THE TASK:
Taking only the lines of the data below from the line with "WENKO Cosmetic Organizer" to the line with "X-MEN #18 preview inks by Mahmud Asrar", ends included, write them out exactly and without pictures.
*** INPUT FOR THIS TASK ***
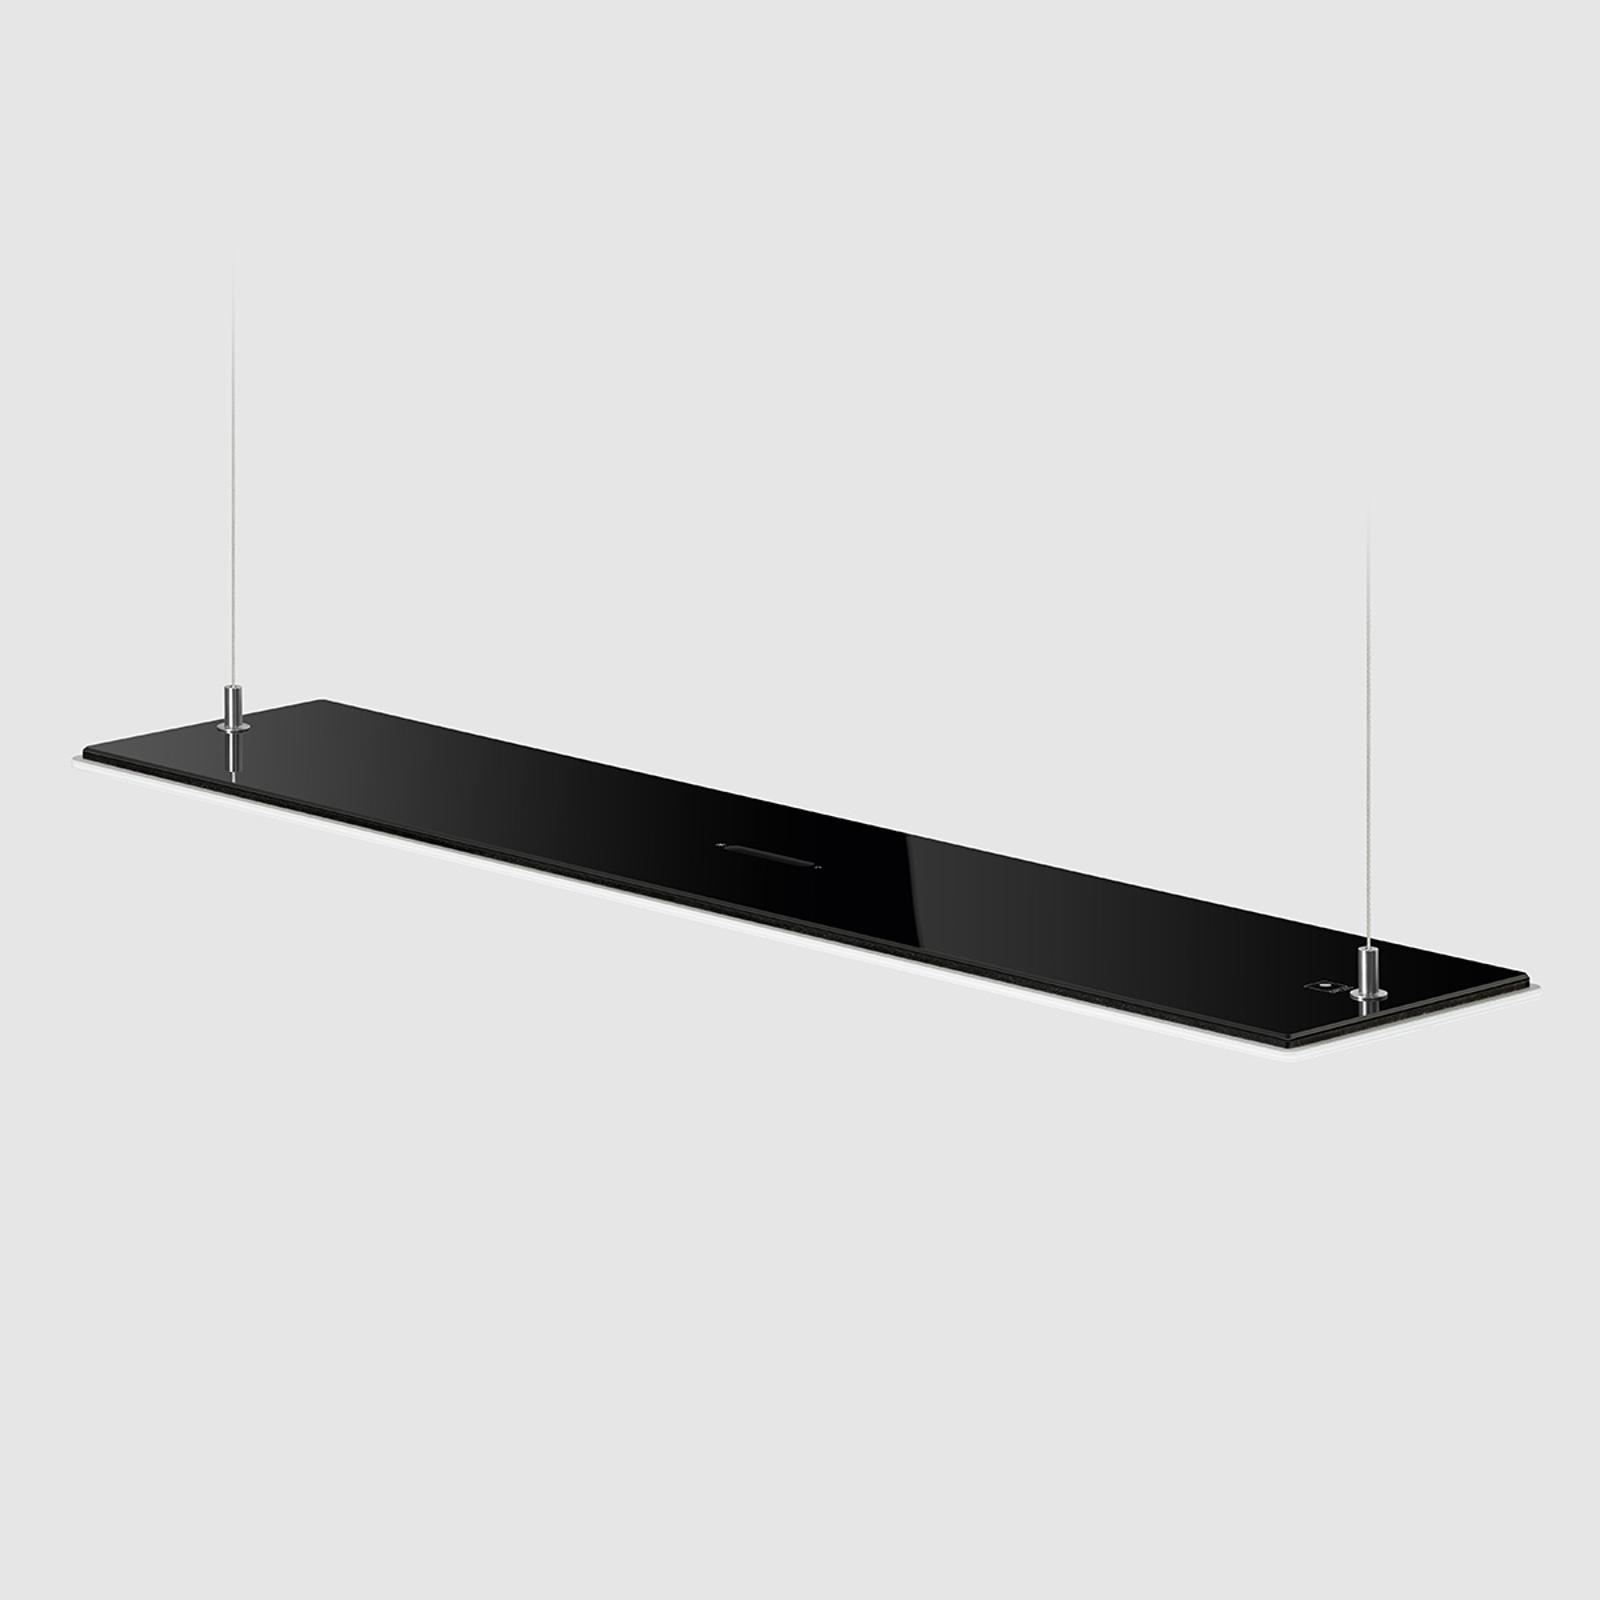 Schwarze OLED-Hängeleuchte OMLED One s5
***
*** INPUT FOR THIS TASK ***
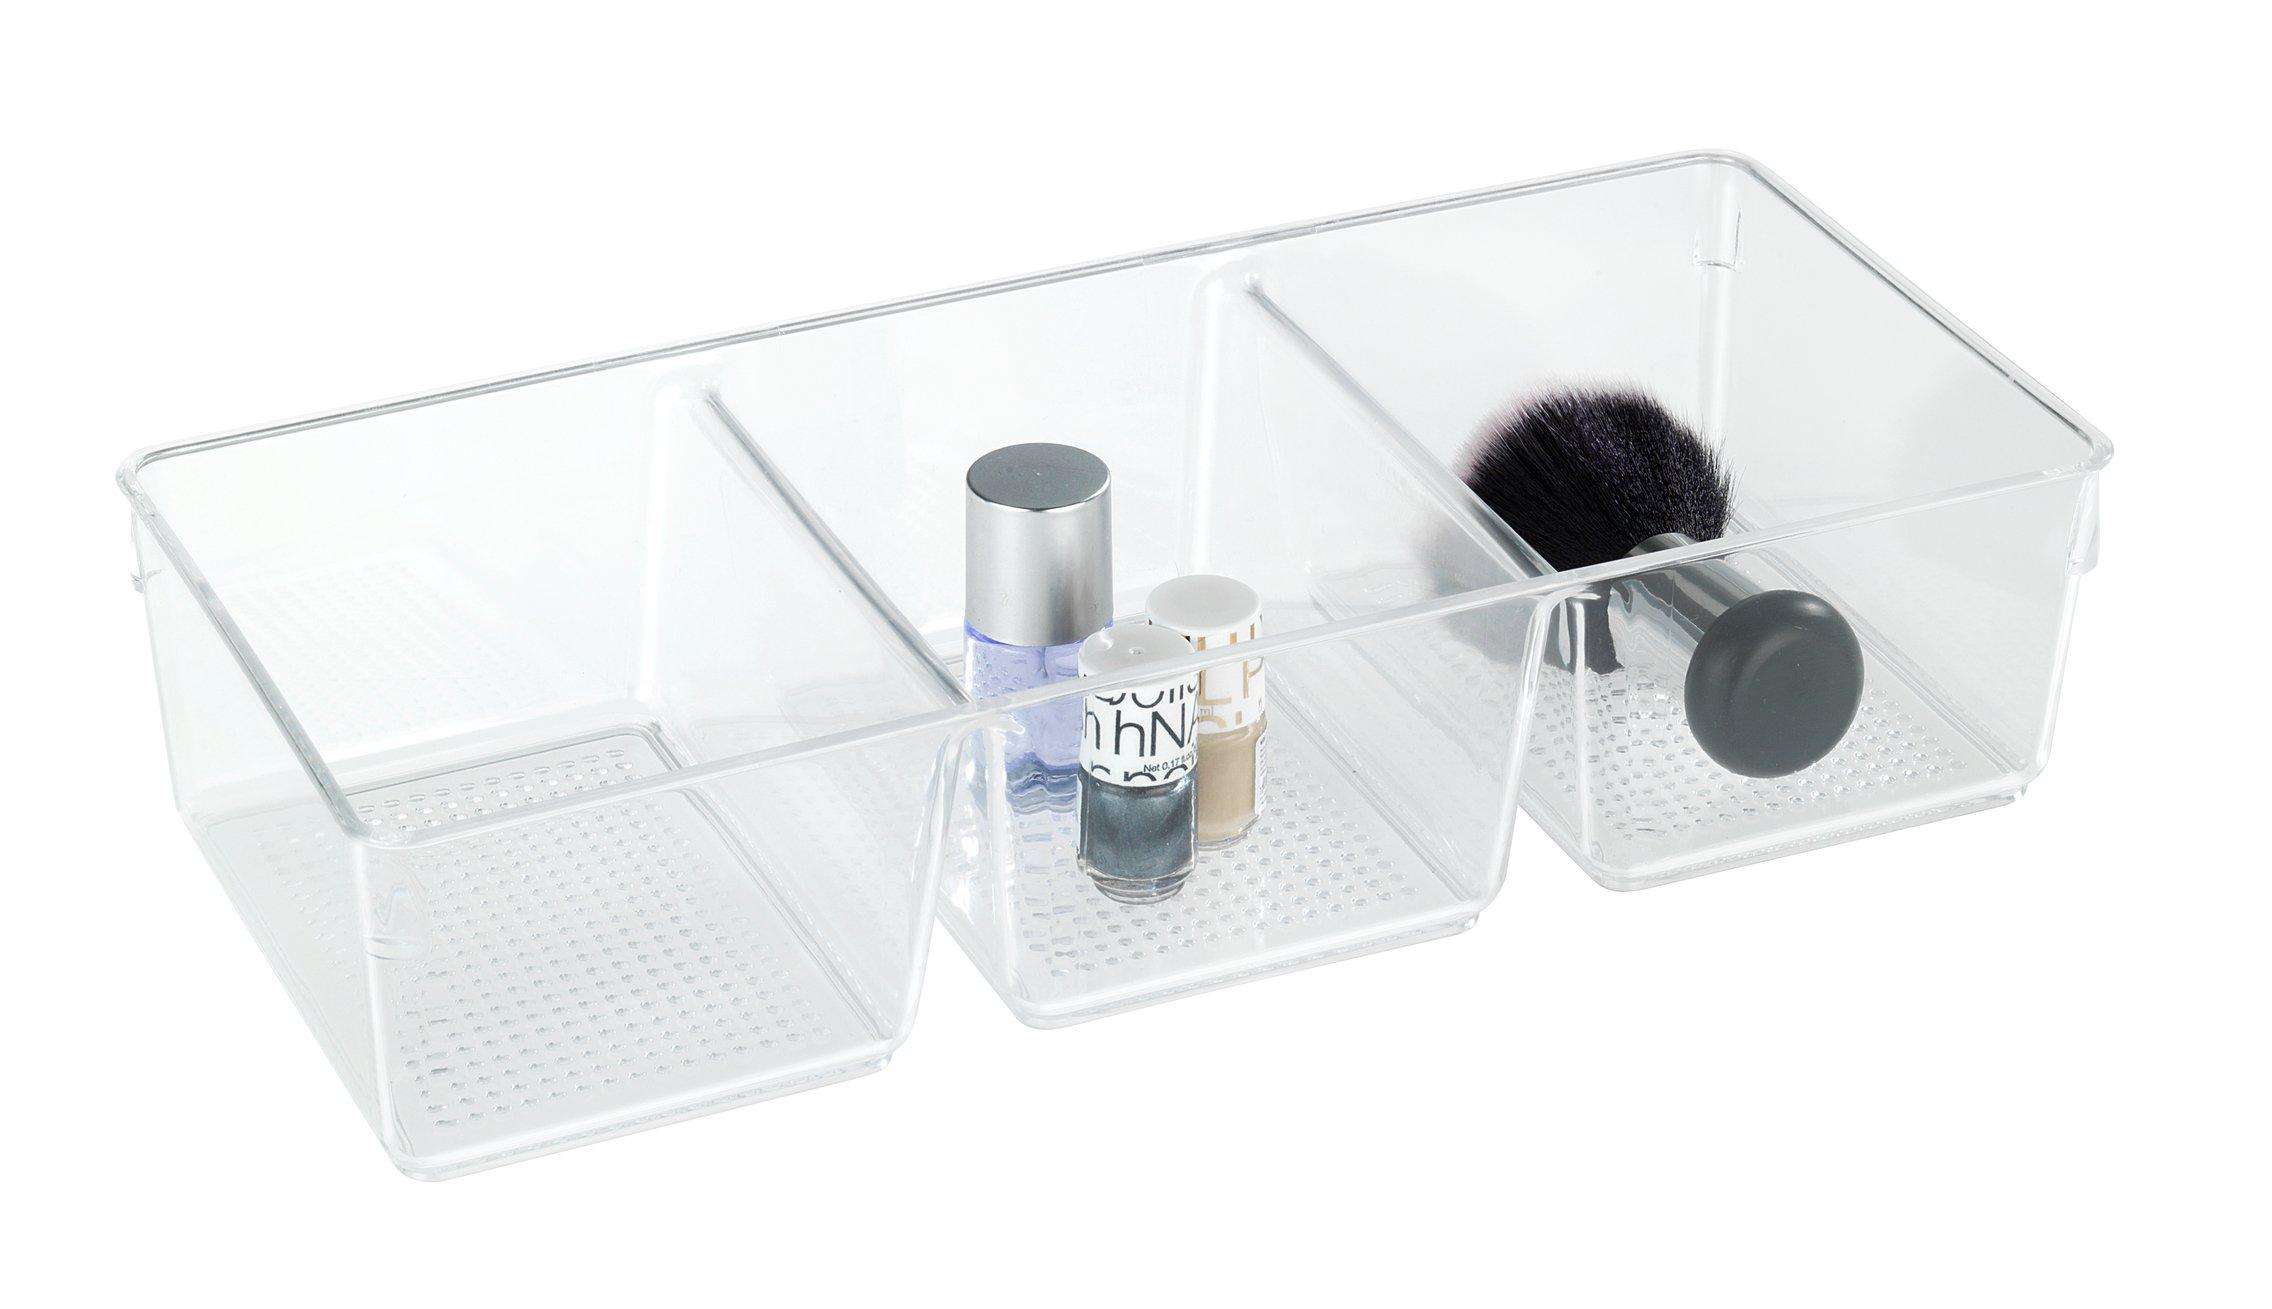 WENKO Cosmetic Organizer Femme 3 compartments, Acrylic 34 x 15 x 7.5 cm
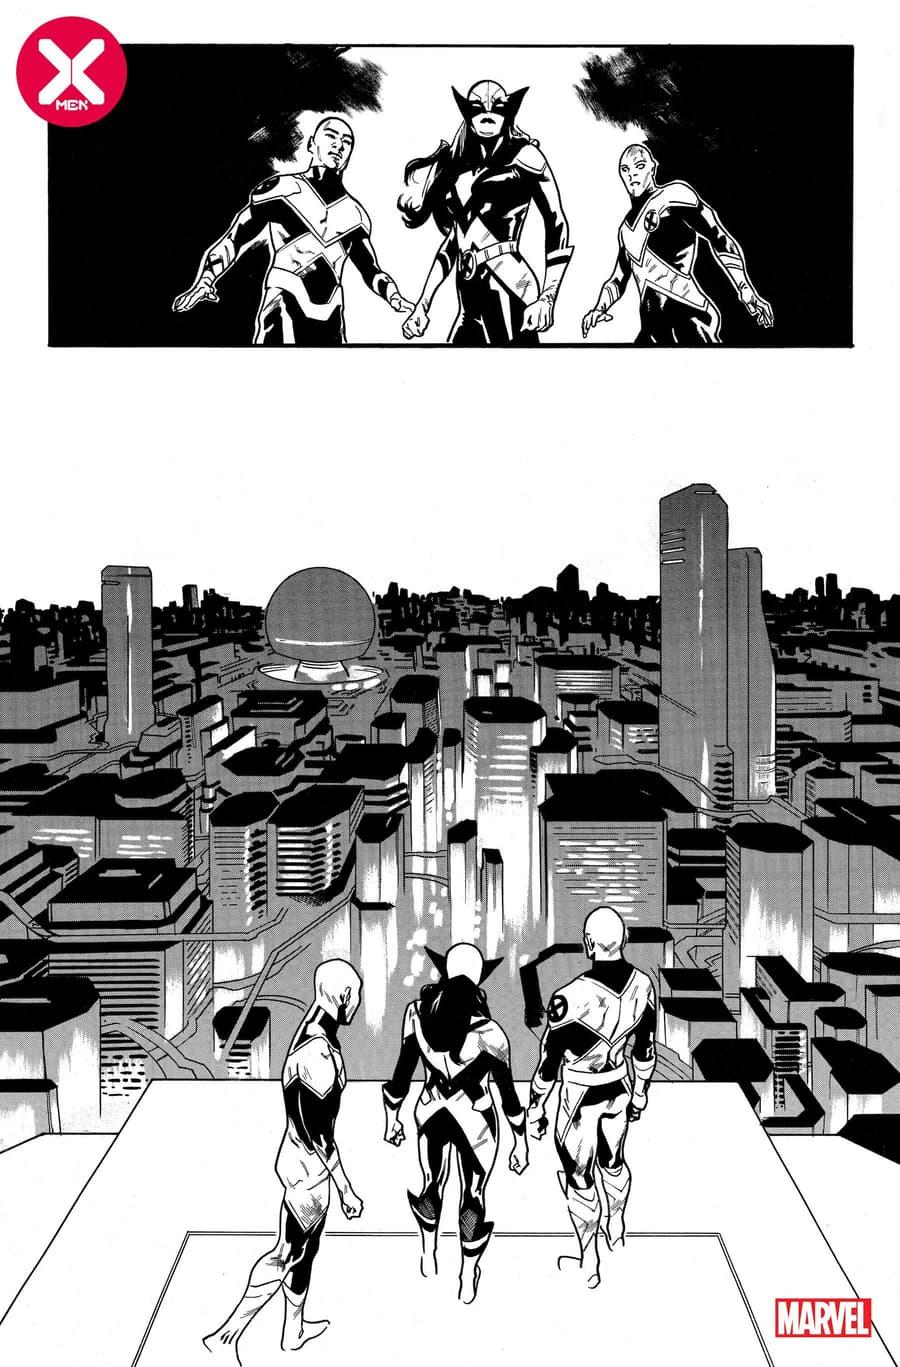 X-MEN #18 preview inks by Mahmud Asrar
***
FINISHED EXERCISE:
 WENKO Cosmetic Organizer Femme 3 compartments, Acrylic 34 x 15 x 7.5 cm
 X-MEN #18 preview inks by Mahmud Asrar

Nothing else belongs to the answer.